WORK INSTRUCTIONS:
From the records below, extract only the lines running from the line with "Reporters Roundtable puts" to the line with "Newlywed Established Sign", both lines included, reproducing them exactly.

DATA IN THIS EXERCISE:
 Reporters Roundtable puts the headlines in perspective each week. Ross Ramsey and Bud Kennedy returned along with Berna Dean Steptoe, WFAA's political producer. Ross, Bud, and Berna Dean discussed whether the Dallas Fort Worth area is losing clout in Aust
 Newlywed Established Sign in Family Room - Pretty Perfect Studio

--

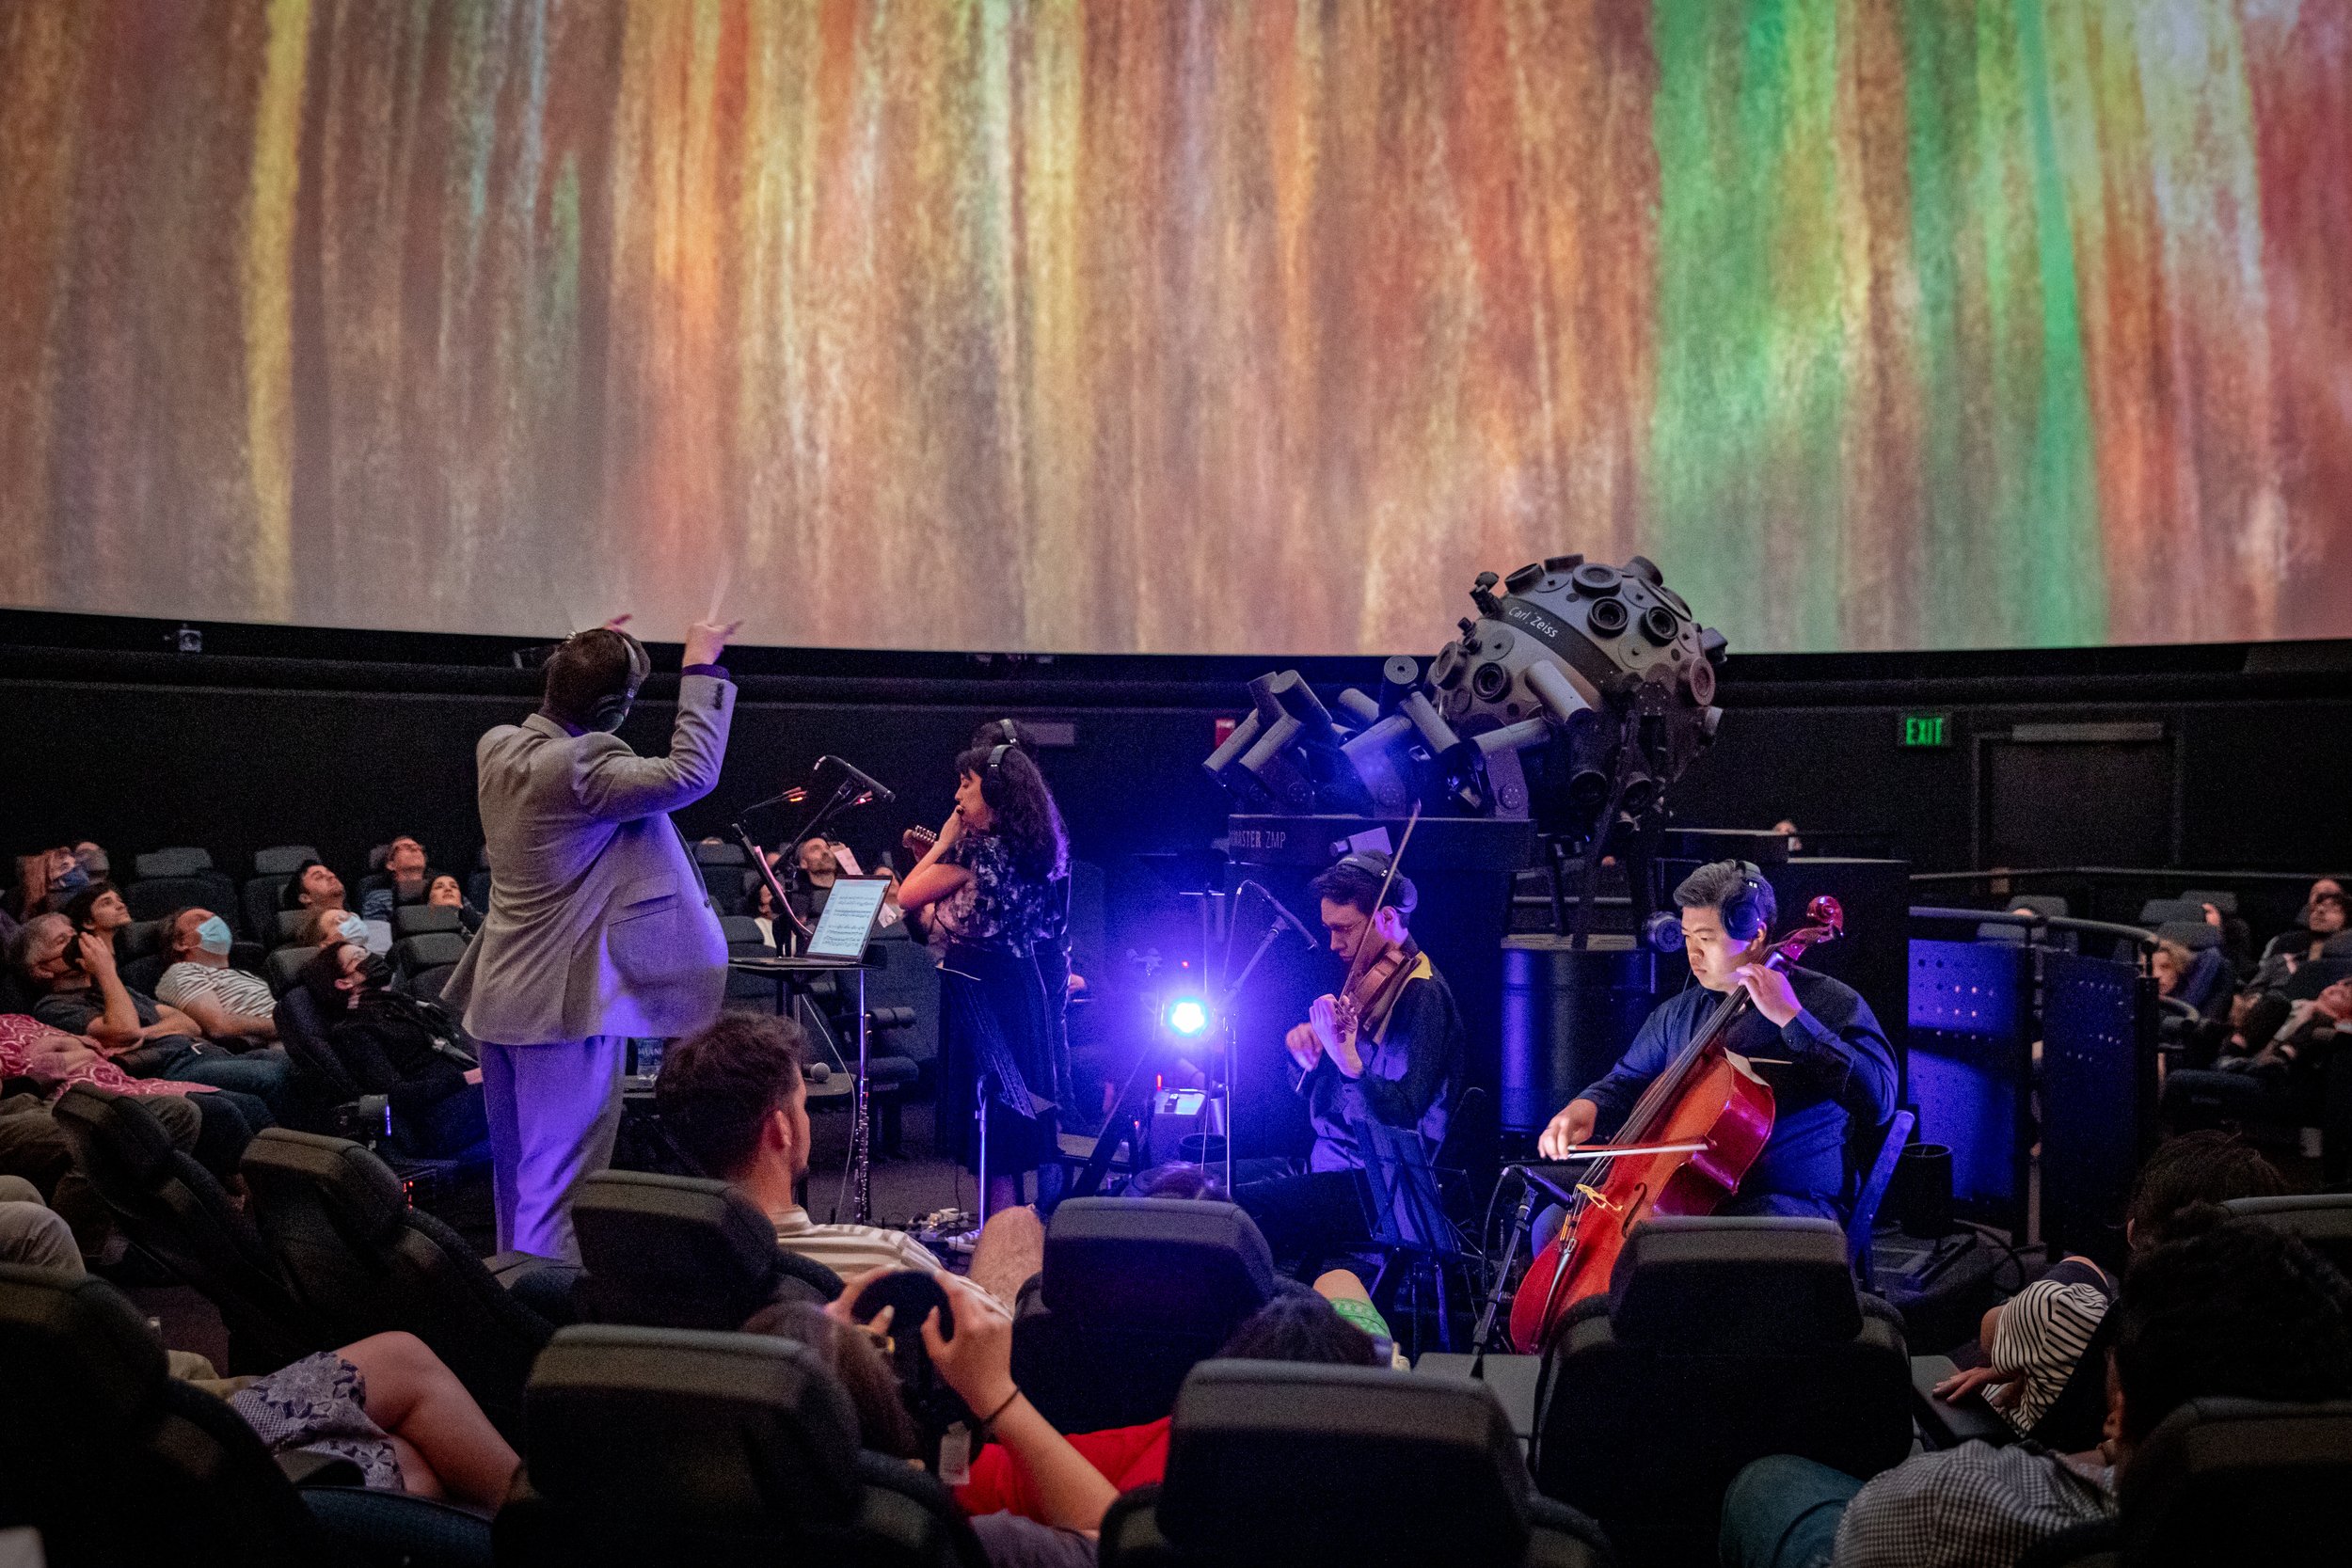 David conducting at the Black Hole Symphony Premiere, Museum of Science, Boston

==

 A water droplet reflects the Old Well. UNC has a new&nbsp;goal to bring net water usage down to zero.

SOLUTION:
 Reporters Roundtable puts the headlines in perspective each week. Ross Ramsey and Bud Kennedy returned along with Berna Dean Steptoe, WFAA's political producer. Ross, Bud, and Berna Dean discussed whether the Dallas Fort Worth area is losing clout in Aust
 Newlywed Established Sign in Family Room - Pretty Perfect Studio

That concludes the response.